Forum OpenACS Development: Re: stable urls for all objects

Collapse
Posted by Dirk Gomez on
Tom, I don't really see where you find that lists of objects be shown without proper permissioning checking.

The redirecting page introduces one new security threat: it may be redirect to a page to which you don't have permission. The URL might be descriptive enough to give you a hint. Think of getting redirected from /o/123456 to /your_division/file-storage/layoffs_q3_2003.doc. A program could just try counting up from 1 to xxx and capture the target URL. That is why - as already stated at least once in this thread - we need exactly the same permissioning code on /o/ as on the target page. If it yields a false, we need to show: this object doesn't exist, otherwise we already tell the user that the object exists.

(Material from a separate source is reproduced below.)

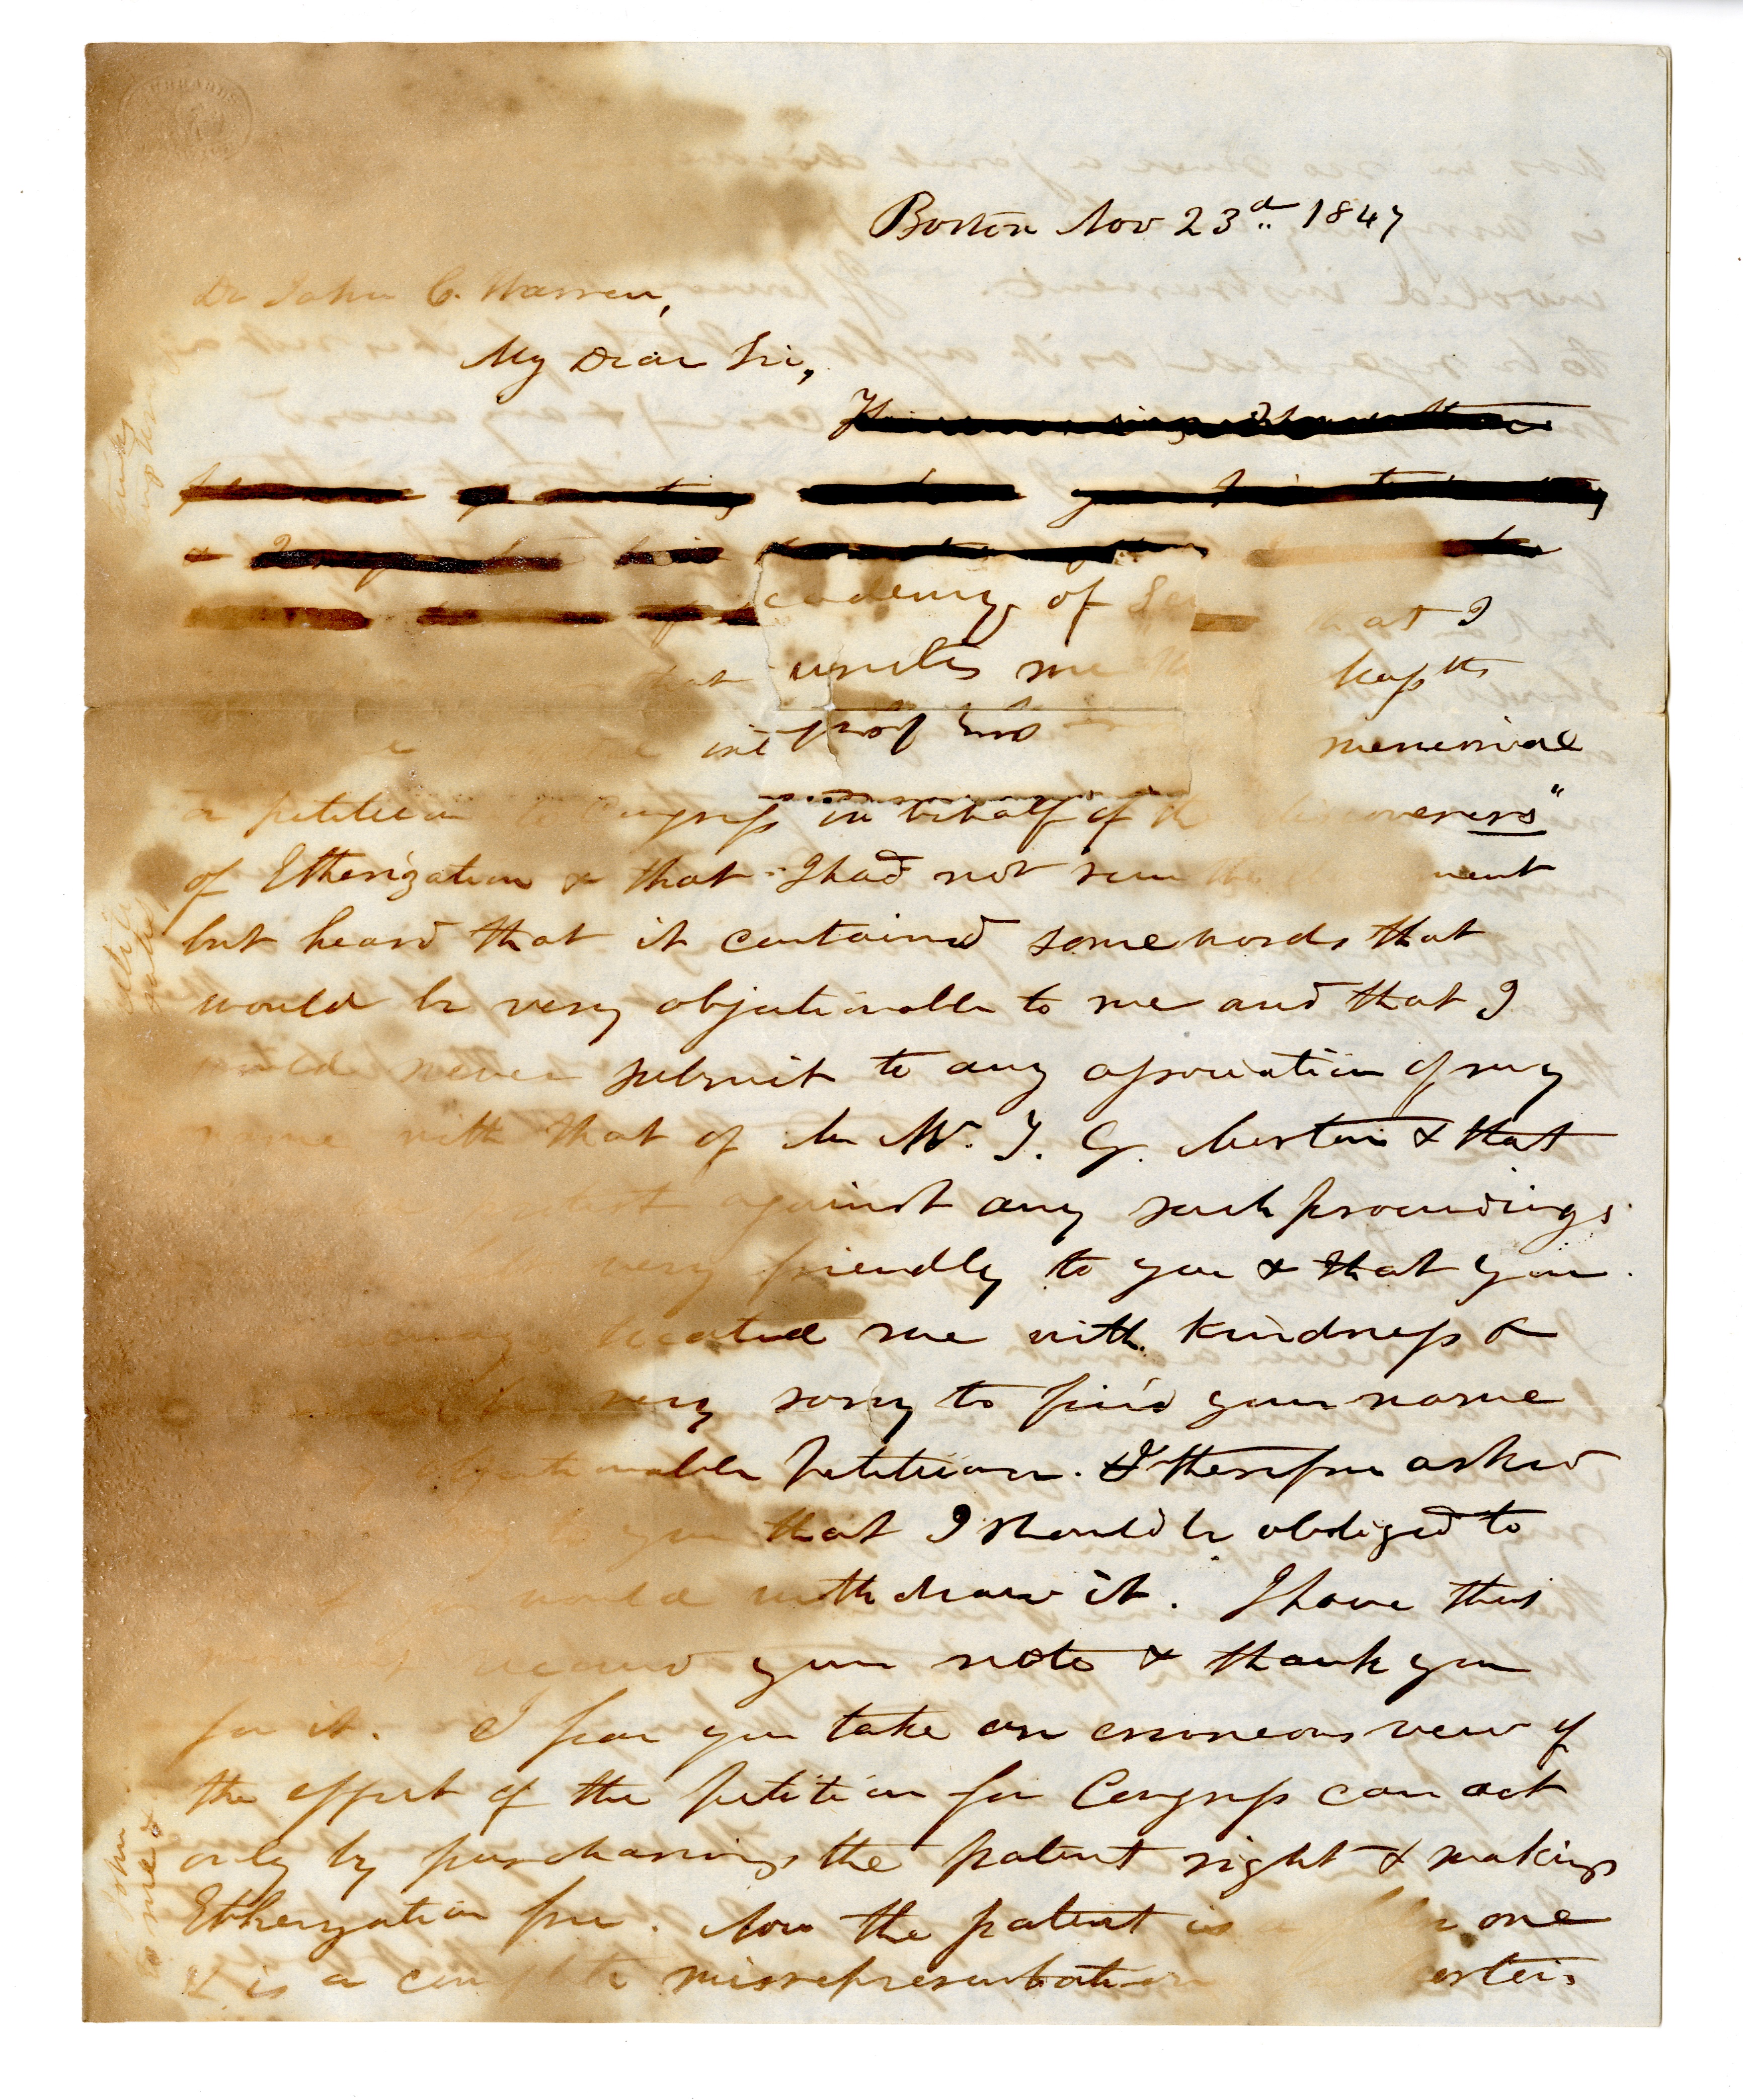 scan of manuscript letter from 1847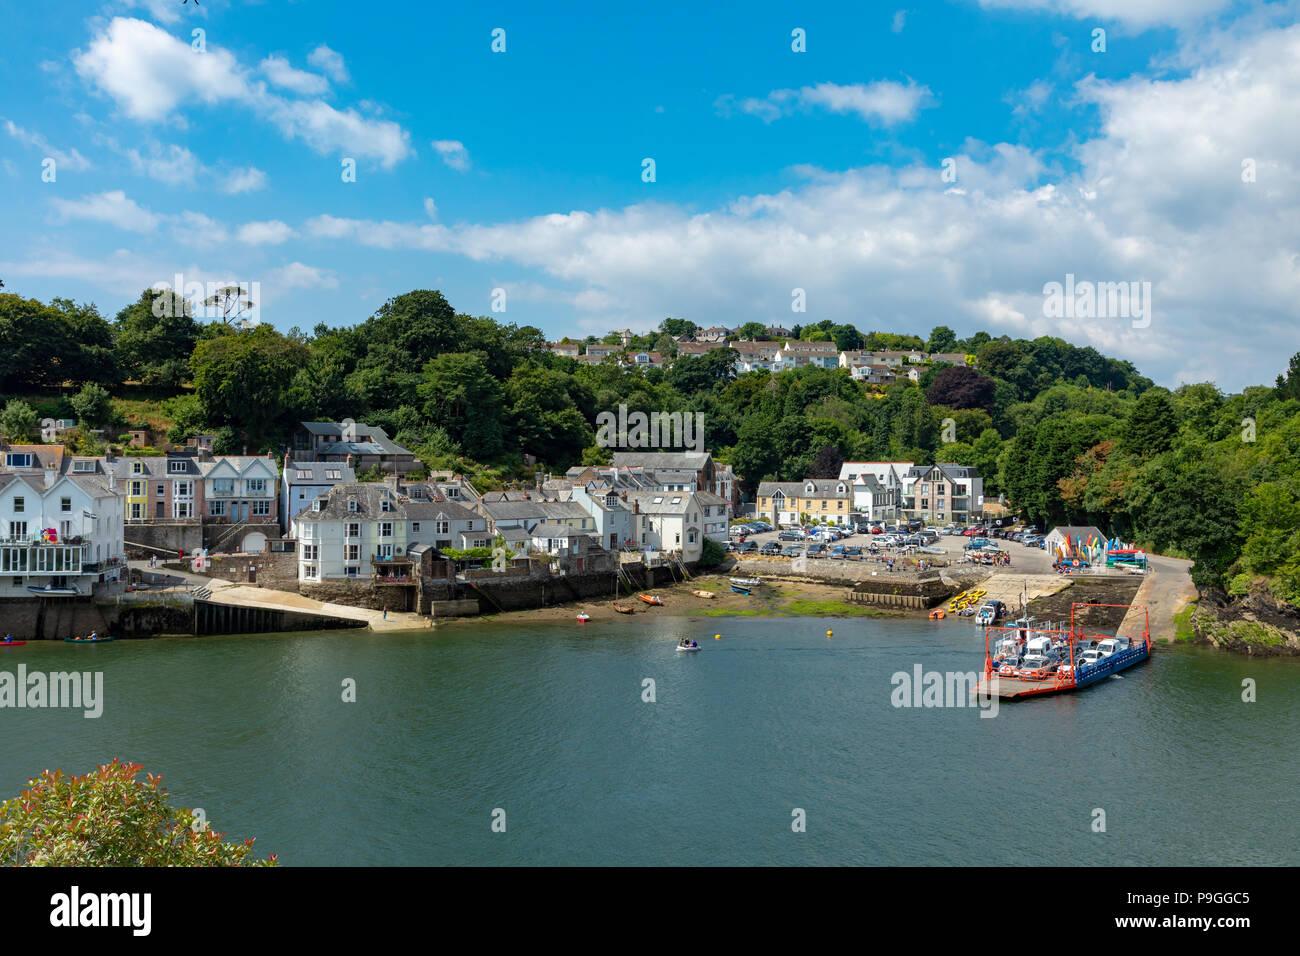 Fowey Cornwall England July 14, 2018 View across the River Fowey from Bodinnick, showing the car ferry Stock Photo

Otherwise security threats remain the same and if the respective target page is insecure, then the redirecting page is insecure.

Currently, if the source page lists links to which you don't have permissions, then it leaks information. If it does proper permissioning checking, then it'll remain secure with /o7. As I said: the only thing being changed is the target link text.

The "stable URLs" proposal is not about listing objects - it is about supplying stable URLs based on the (hopefully) never-changing object_id. A very very welcome side effect is that it is a very very lightweight replacement for get_urls PL/SQL functions.